We set out the definitions of ASI and AGI — and the four routes AGI might take to get there — in the previous piece, AGI is not the goal — DeepMind's path to superintelligence (ASI). This is the sequel: why the term is suddenly everywhere, what it means for your business, and what to start building today.
Why "ASI" became part of the vocabulary
Three currents have converged.
- The label moved up. OpenAI said its sights are now set on a superintelligence beyond AGI; since then Meta ("Superintelligence Labs") and Microsoft ("Humanist Superintelligence") have written superintelligence into the names and missions of their organizations — all on the record.
- The scale of money and talent. Safe Superintelligence, with nothing shipped, was reportedly valued near $32 billion. Anthropic went from $183 billion to $380 billion in early 2026, and has reportedly risen further since. OpenAI was valued at $852 billion in a funding round that same year (reported; some figures officially announced). Superintelligence is at once a technical goal and a banner for gathering capital and talent.
- The opposition grew louder too. A statement calling for a halt to superintelligence development "until there is broad scientific consensus that it can be done safely" was published in October 2025 and has gathered more than 70,000 signatures, including leading AI researchers. From both sides — for and against — superintelligence has become a matter of public debate.
"It's near" and "it's a bubble" come from the same people
Lab leaders say that within a few years AI will surpass humans across many domains. The same figures also warn that some investors will get badly burned — an acknowledgment that a bubble is possible. Both remarks are made in the middle of enormous fundraising and IPO preparation. The safest reading is not to treat these as verdicts, but simply to note that this is what they said.

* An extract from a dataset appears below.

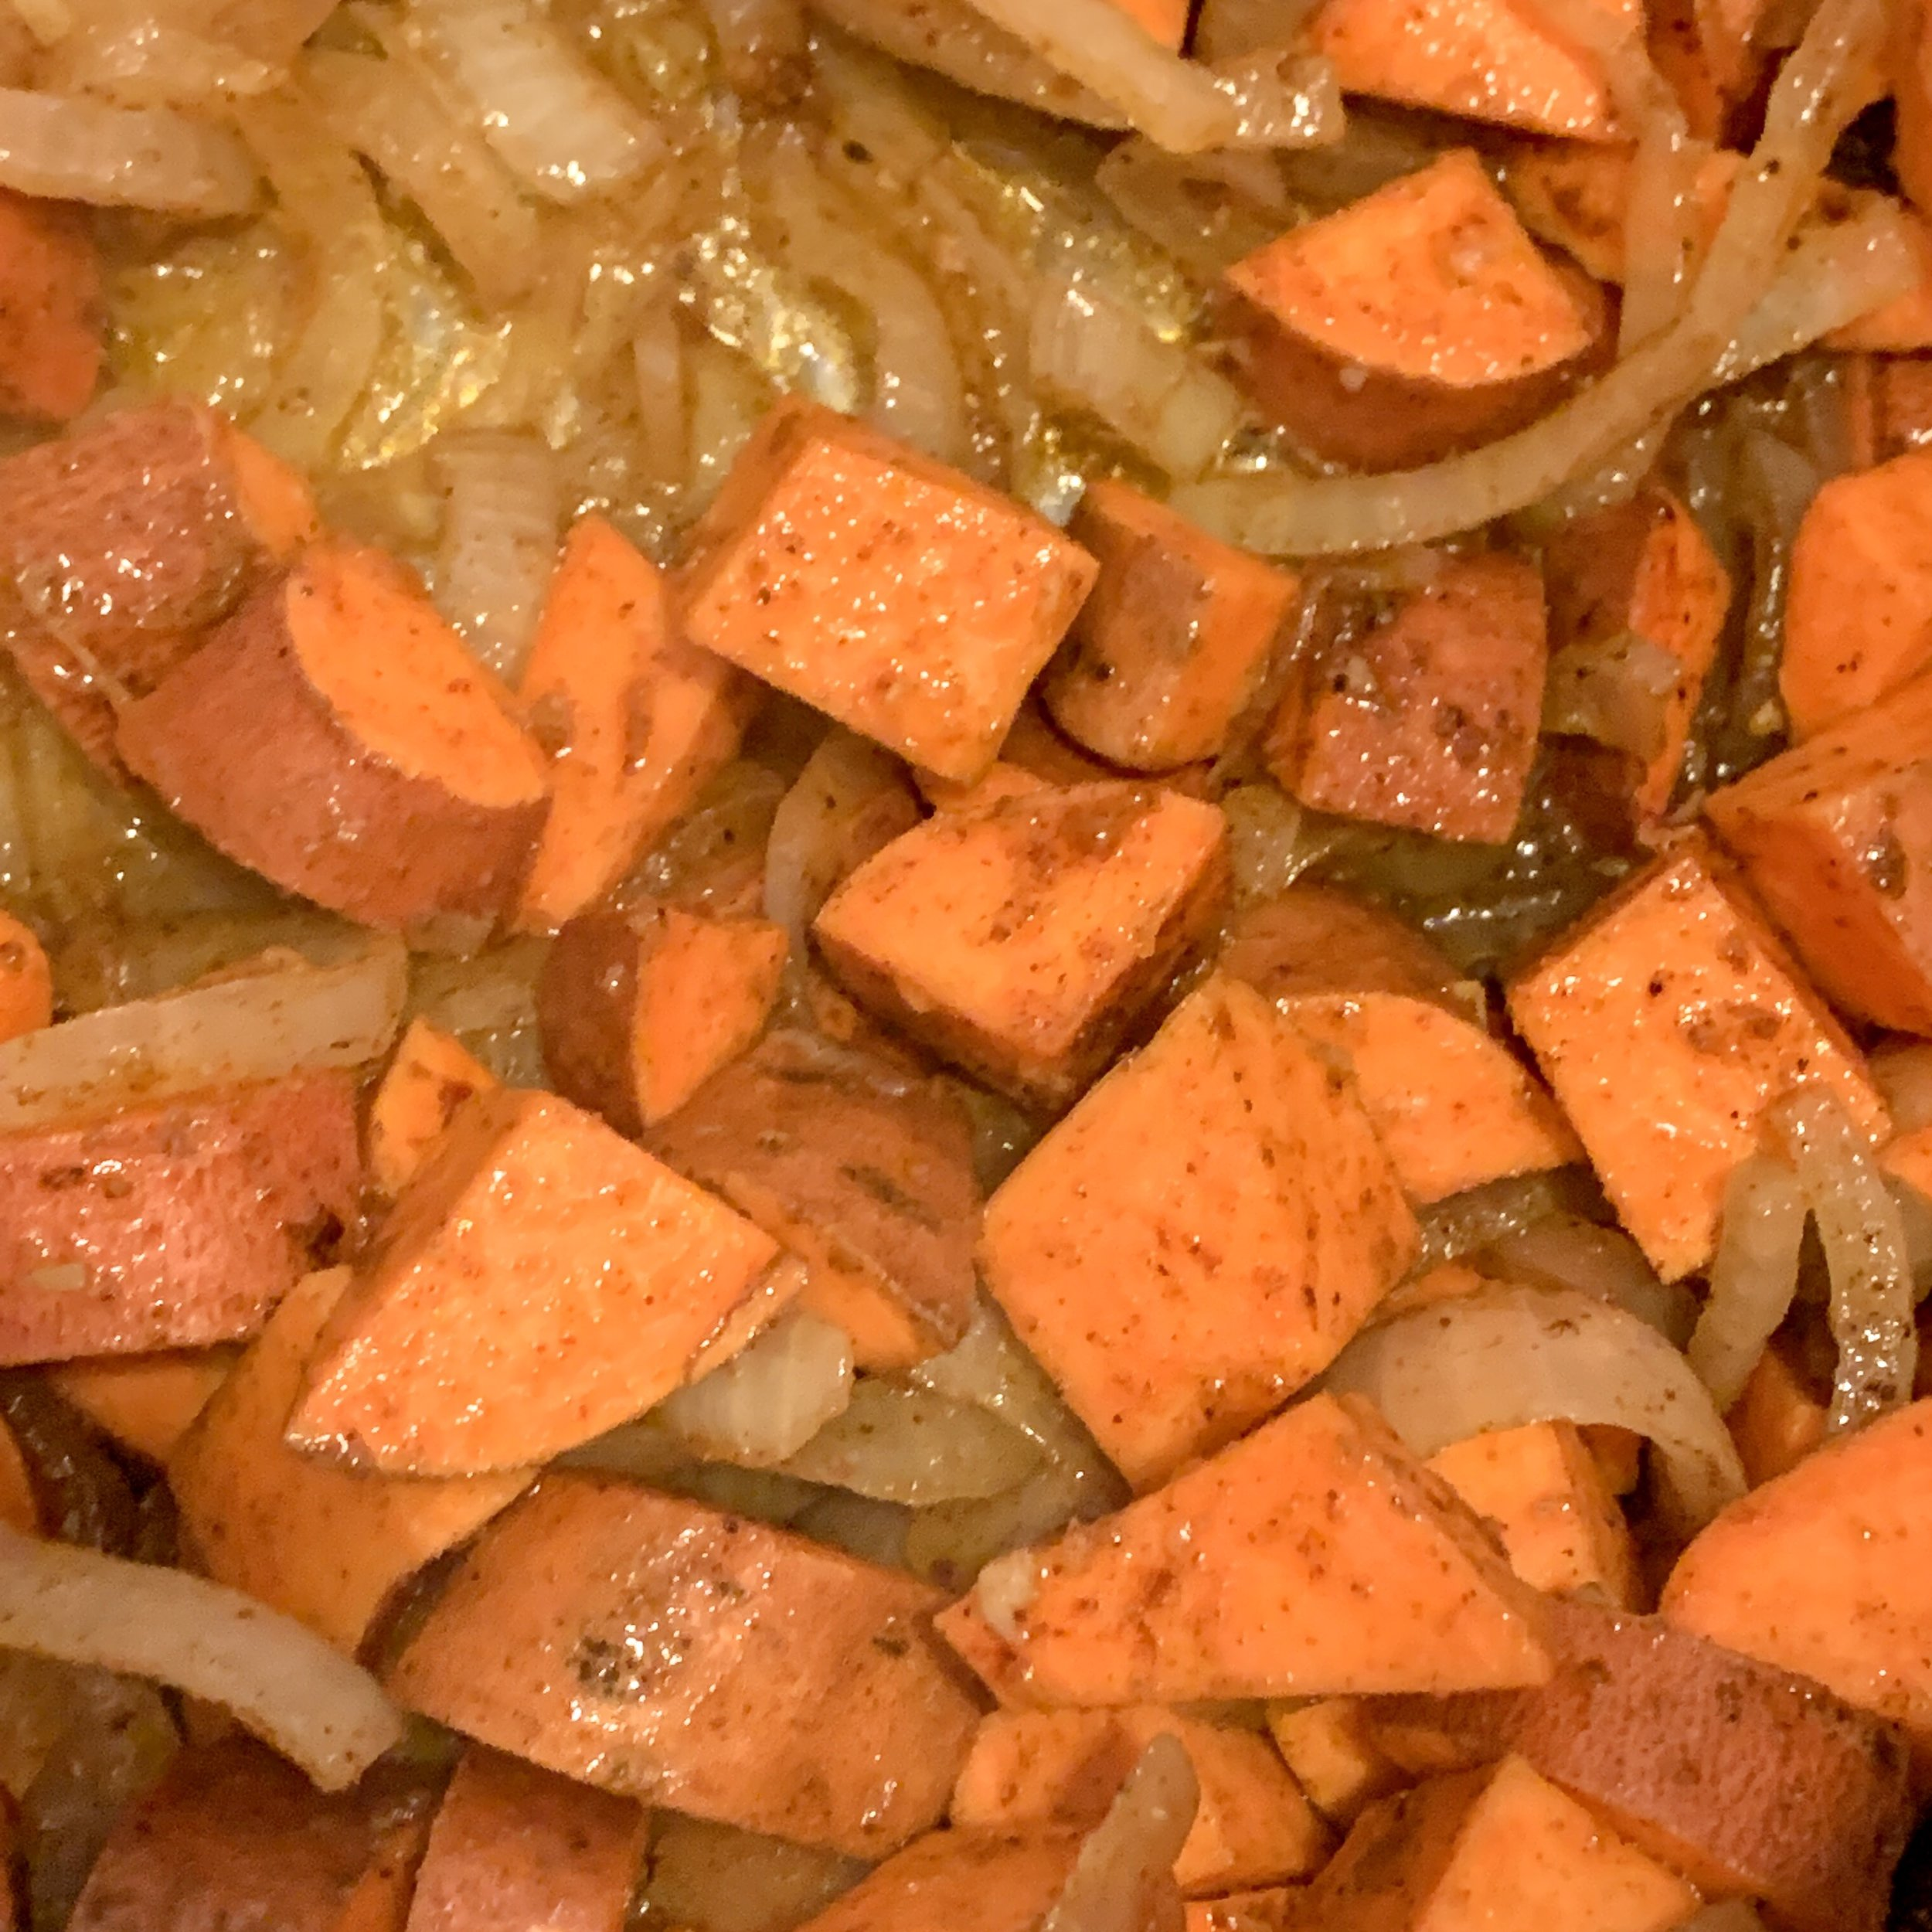 Toss in the sweet potatoes spicesVegan Gluten Free Bourbon Chili

On the engineering side there is caution too. Some argue that today's large language models will plateau even if you keep scaling them. Apple published a paper arguing that reasoning models hit clear limits; others countered that the real problem was how the models were evaluated. The exchange itself is a good illustration of how hard it is to measure what AI can really do.
History is instructive. The forecast that "general AI is ten to twenty years away" has been made, and missed, repeatedly for decades. Don't stake limited resources on the will-it-won't-it prediction game.
Even the giant labs struggle with organizational design
Money and talent alone do not seem to close the gap to superintelligence. Even Meta, for all its resources, has reportedly restructured its new superintelligence group more than once within months, with staff cuts. We treat these accounts as reporting, not established fact — but the pattern is telling: money and talent alone don't solve organizational design.
The same picture appears inside companies. Adoption of generative AI has spread, but examples that connect through to the bottom line are limited. One study reported that roughly 95% of corporate generative-AI pilots produced no measurable results. The methodology has drawn criticism, but the trend is broadly consistent with other studies. What decides success is less the technology itself than the design of where, and how, you embed it in the work. That leads to the next point.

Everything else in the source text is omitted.